GIVEN DATA START

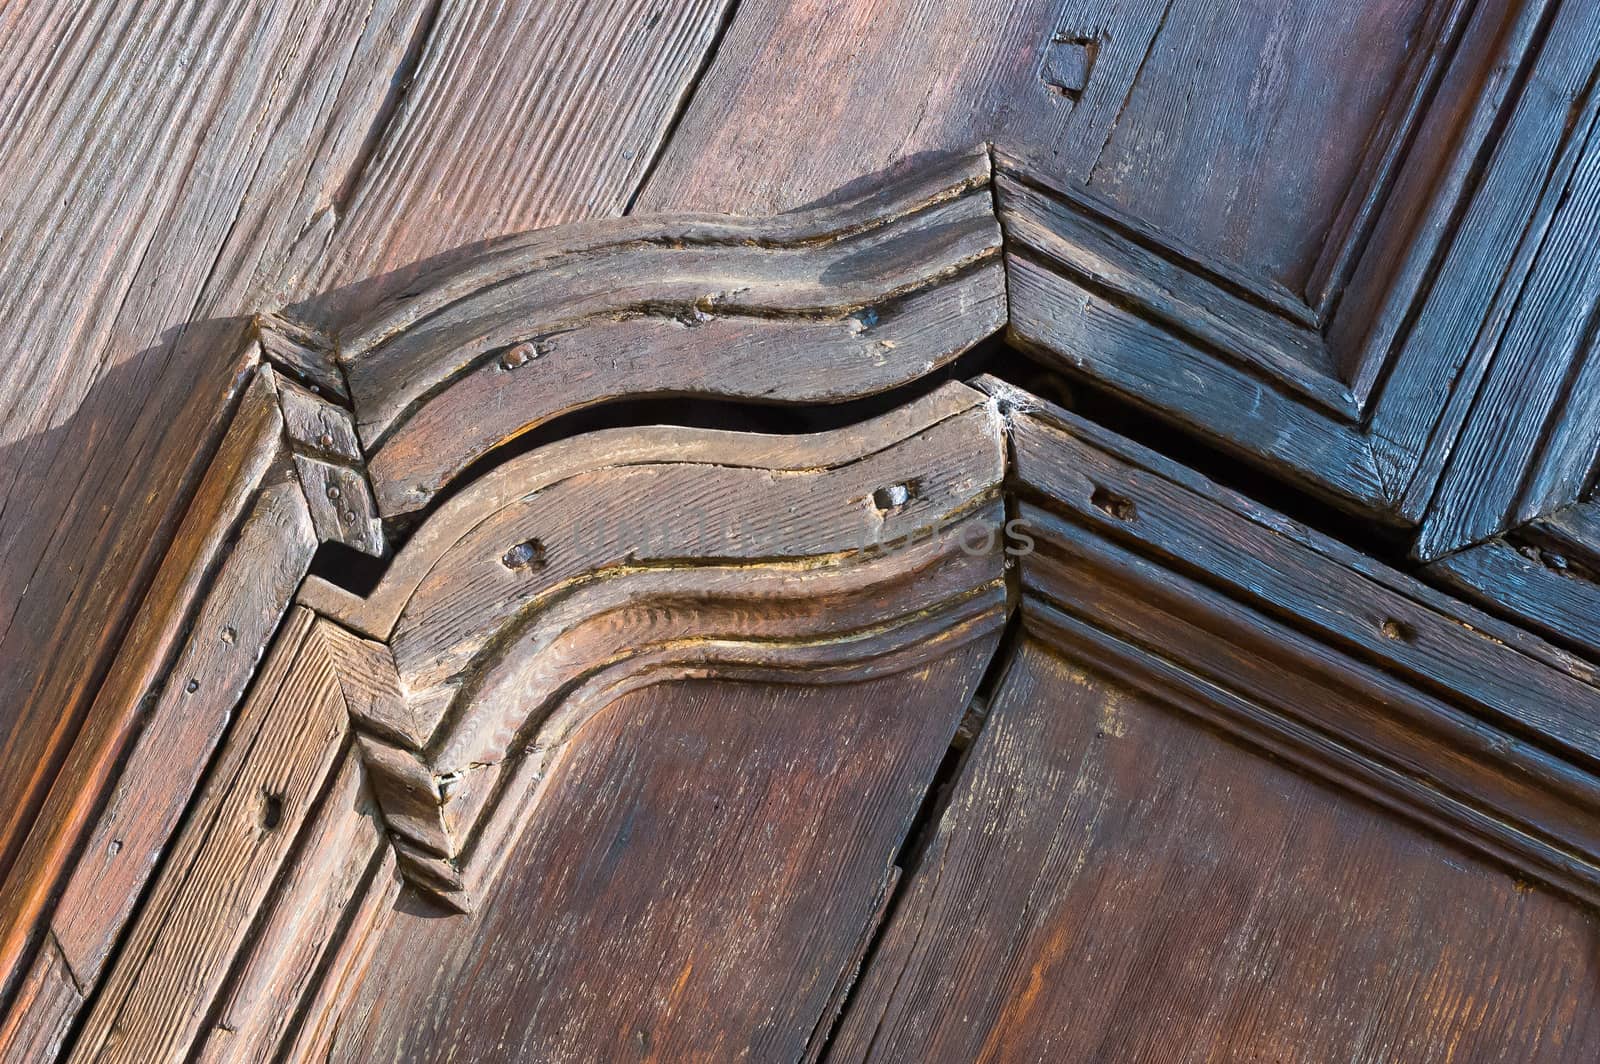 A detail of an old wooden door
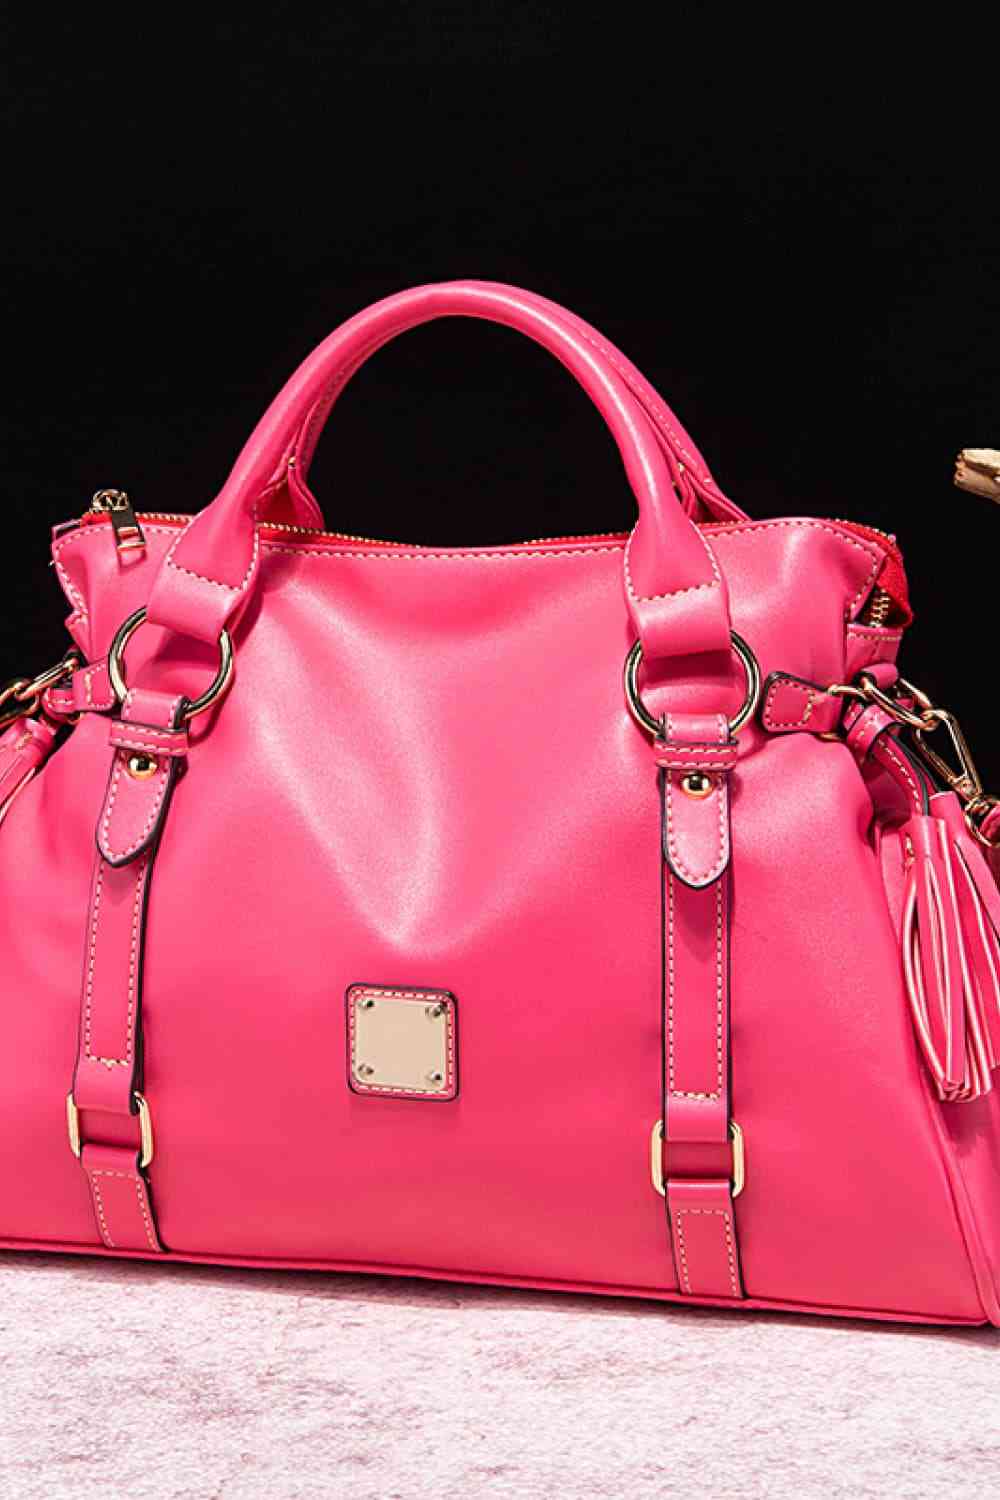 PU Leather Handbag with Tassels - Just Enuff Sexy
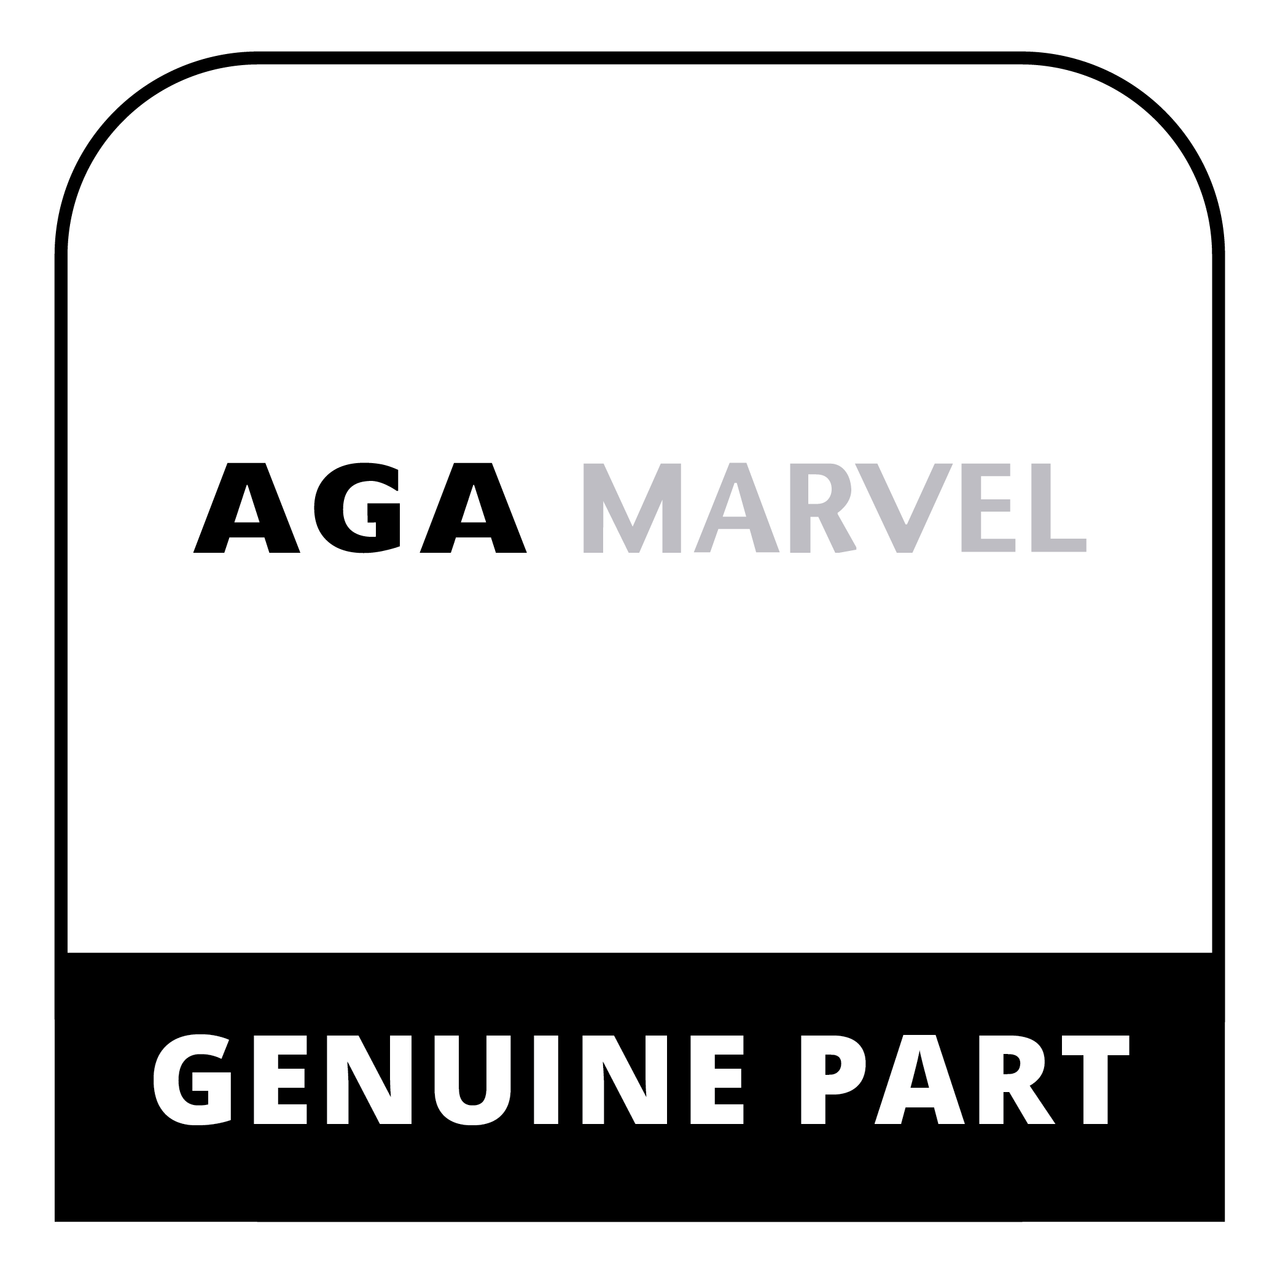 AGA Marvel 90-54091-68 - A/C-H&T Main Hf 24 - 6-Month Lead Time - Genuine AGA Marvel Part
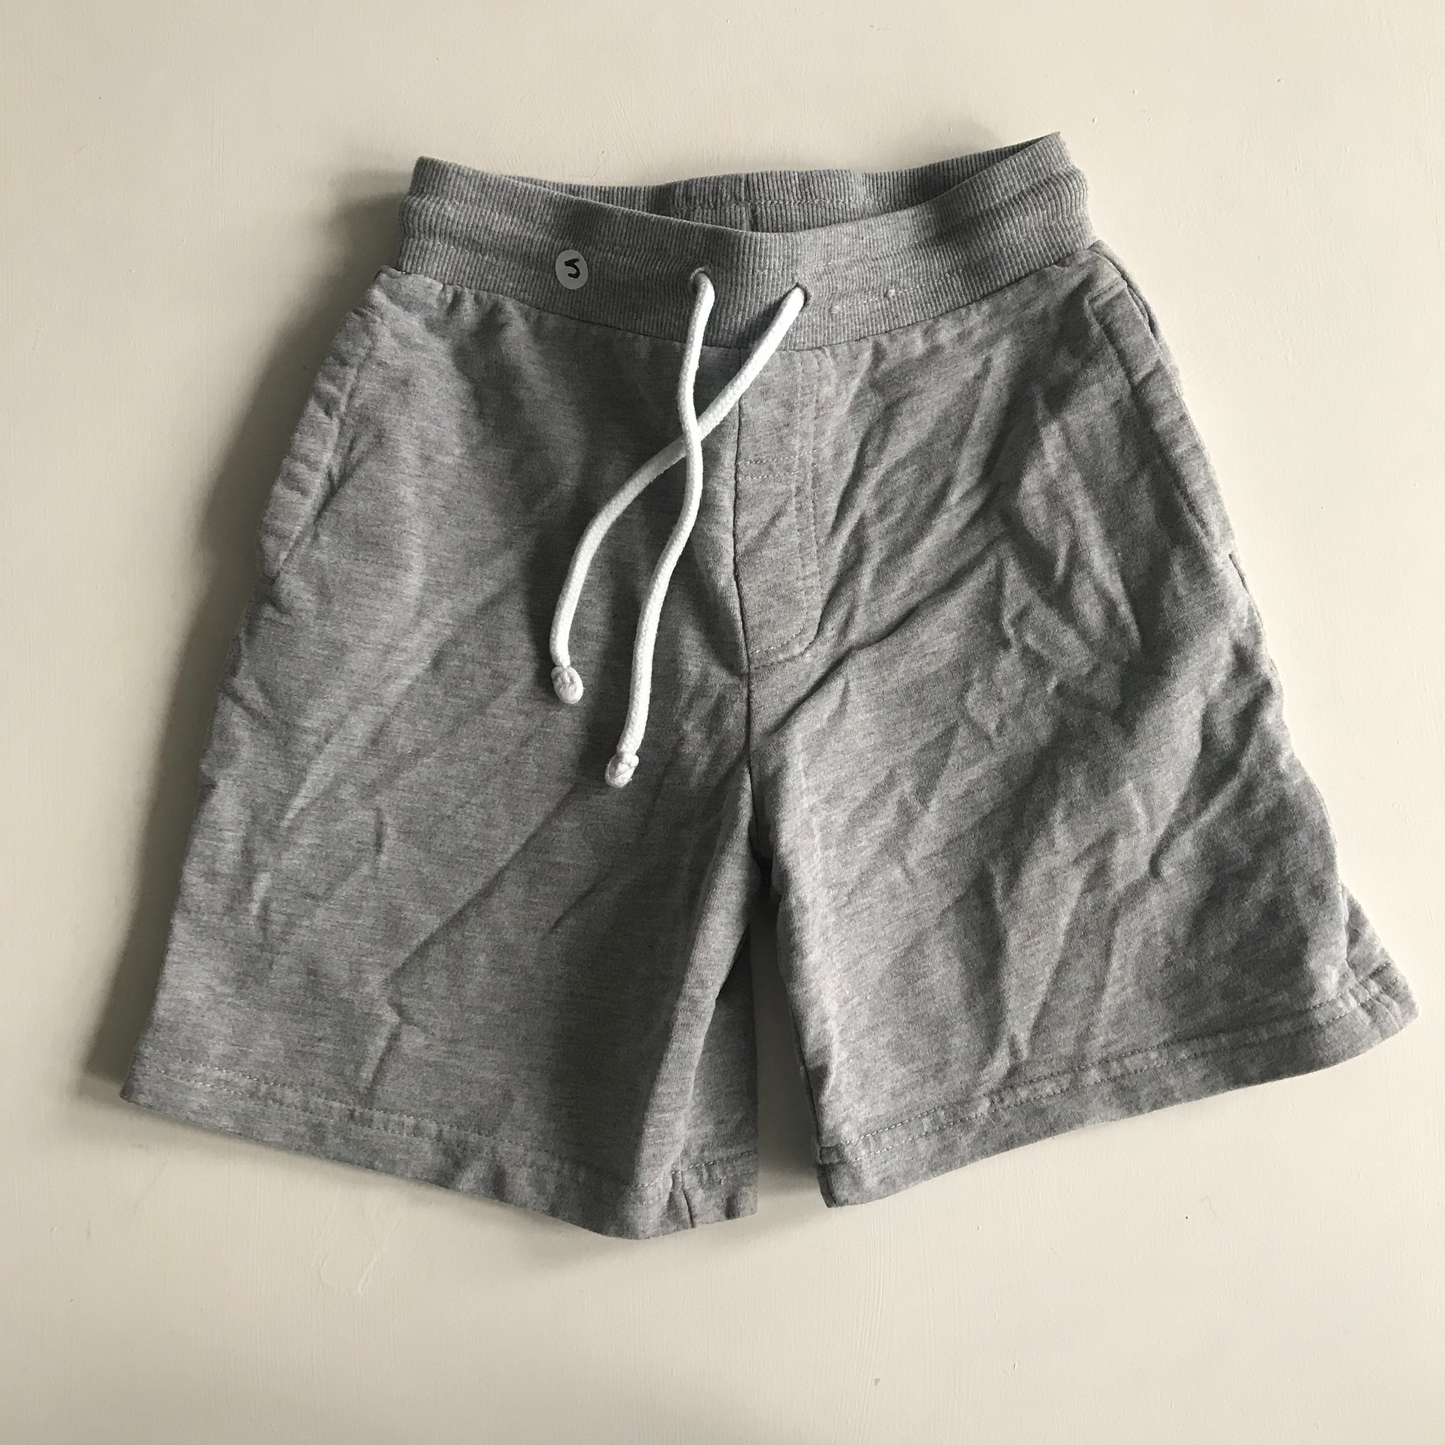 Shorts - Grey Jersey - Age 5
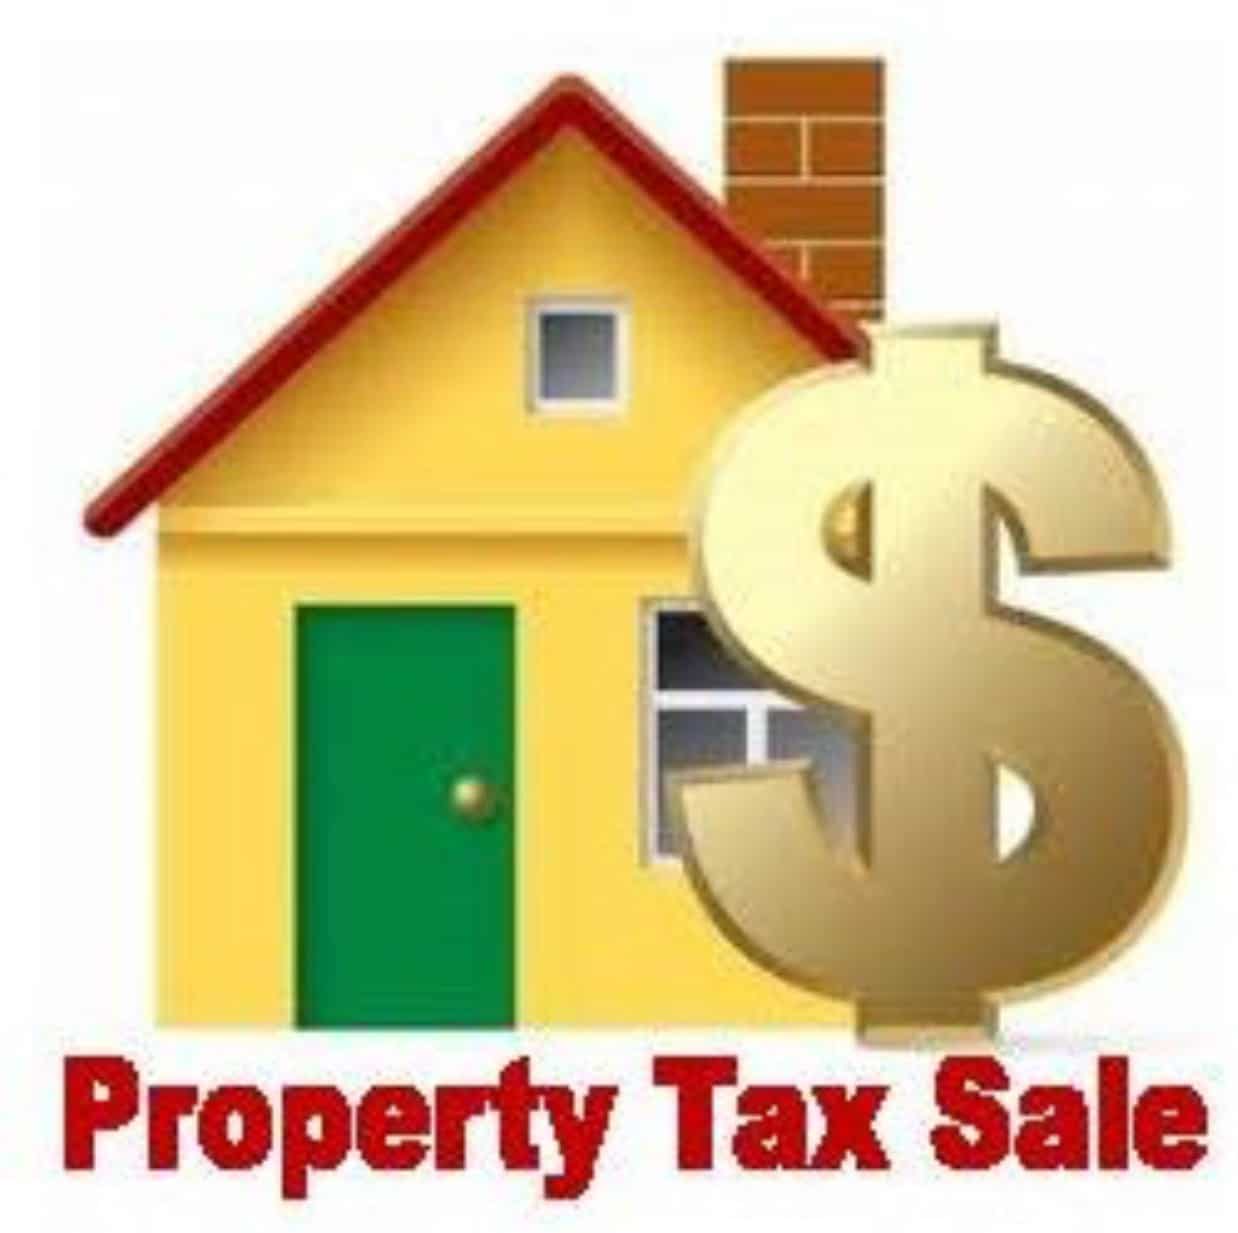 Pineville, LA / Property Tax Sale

GIVEN DATA END

TASK INSTRUCTIONS:
Each record above should come back exactly the same, only without its pictures.

EXPECTED ANSWER:
 A detail of an old wooden door
 PU Leather Handbag with Tassels - Just Enuff Sexy
 AGA Marvel 90-54091-68 - A/C-H&T Main Hf 24 - 6-Month Lead Time - Genuine AGA Marvel Part
 Shorts - Grey Jersey - Age 5
 Pineville, LA / Property Tax Sale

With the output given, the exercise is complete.